É a primeira vez que um buraco negro fora de nossa galáxia foi encontrado com o uso de tal método, que pode vir a ajudar a comunidade científica a encontrar mais corpos semelhantes e a entender mais sobre eles.
O buraco negro recentemente descoberto foi achado no aglomerado de milhares de estrelas NGC 1850, a cerca de 160 mil anos-luz, dentro da Grande Nuvem de Magalhães, vizinha de nossa galáxia, informa o portal Phys.org.
O novo corpo celeste aparenta ser 11 vezes mais massivo que o nosso Sol e tem influência gravitacional sobre cinco estrelas de massa solar em sua órbita, o que permitiu aos astrônomos descobrirem sua existência.
Astrônomos já haviam anteriormente detectado buracos negros pequenos de "massa estelar" em outras galáxias, captando o brilho dos raios X emitidos enquanto esses corpos engoliam matéria, ou das ondas gravitacionais geradas quando os buracos negros se chocam uns com os outros ou com estrelas de nêutrons.

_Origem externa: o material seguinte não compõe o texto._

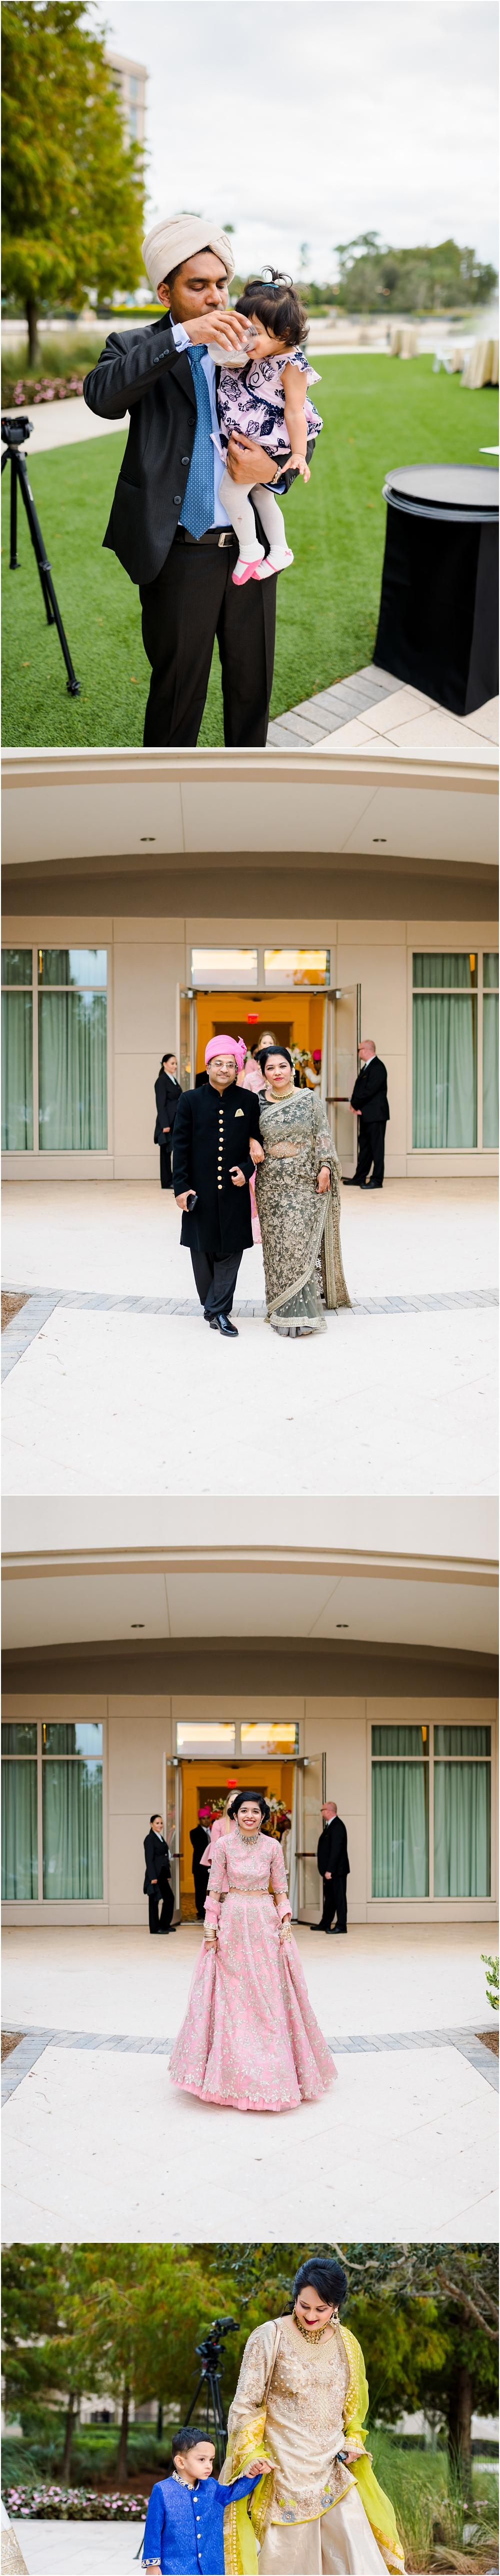 mukit-orlando-muslim-wedding-kiersten-stevenson-photography311.jpg

No entanto, a maioria dos buracos negros de massa estelar não faz notar sua presença através de raios X ou ondas gravitacionais, sendo que "a grande maioria só pode ser desvendada dinamicamente [...] Quando eles [buracos negros] formam um sistema com uma estrela, eles afetarão seu movimento de forma sutil, mas detectável, assim podemos encontrá-los com instrumentos sofisticados", diz Stefan Dreizler, um membro da equipe da Universidade de Gottingen, na Alemanha, citado na matéria.

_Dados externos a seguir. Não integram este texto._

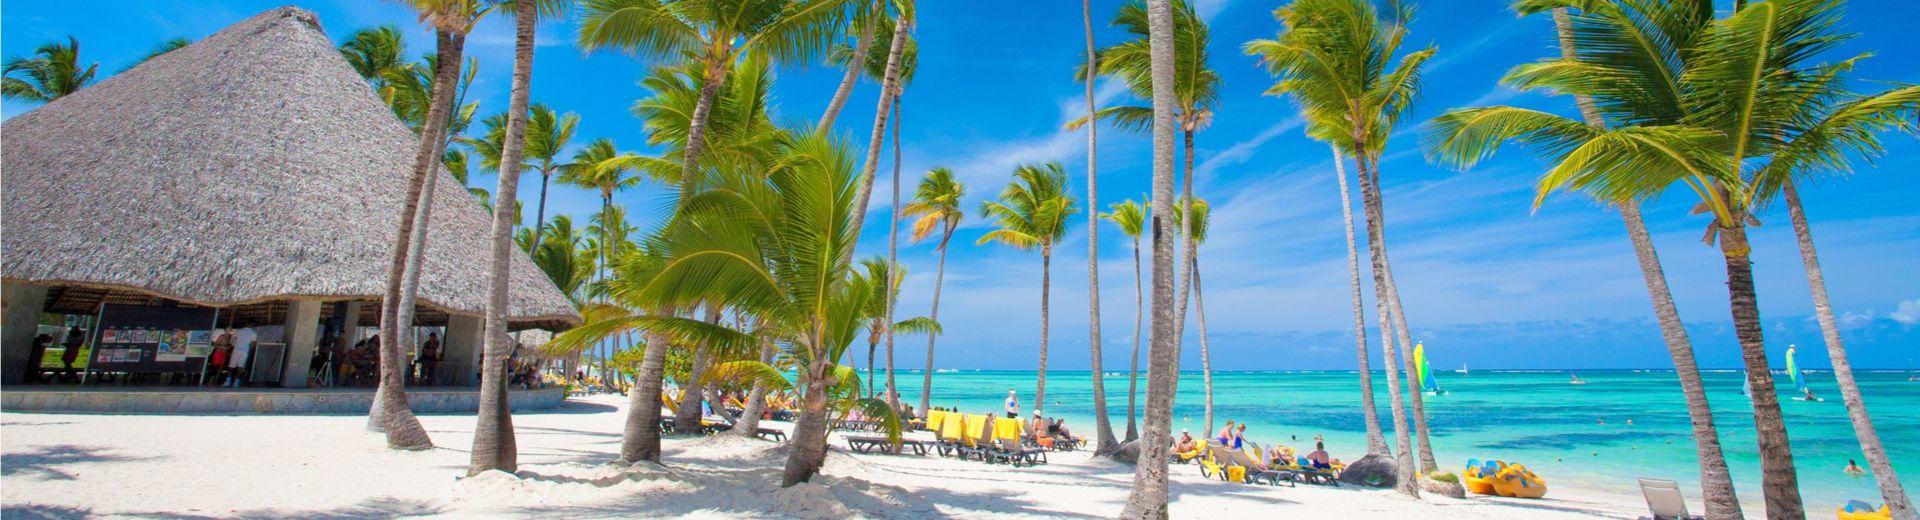 Dominikanische Republik im Winter ab 995 €

O achado no aglomerado NGC 1850 marca a primeira vez que um buraco negro é encontrado dentro de um jovem aglomerado de estrelas, neste caso de apenas cerca de 100 milhões de anos. Usando o método dinâmico mencionado acima, os cientistas poderiam desvendar ainda mais buracos negros jovens e descobrir mais sobre como eles evoluem.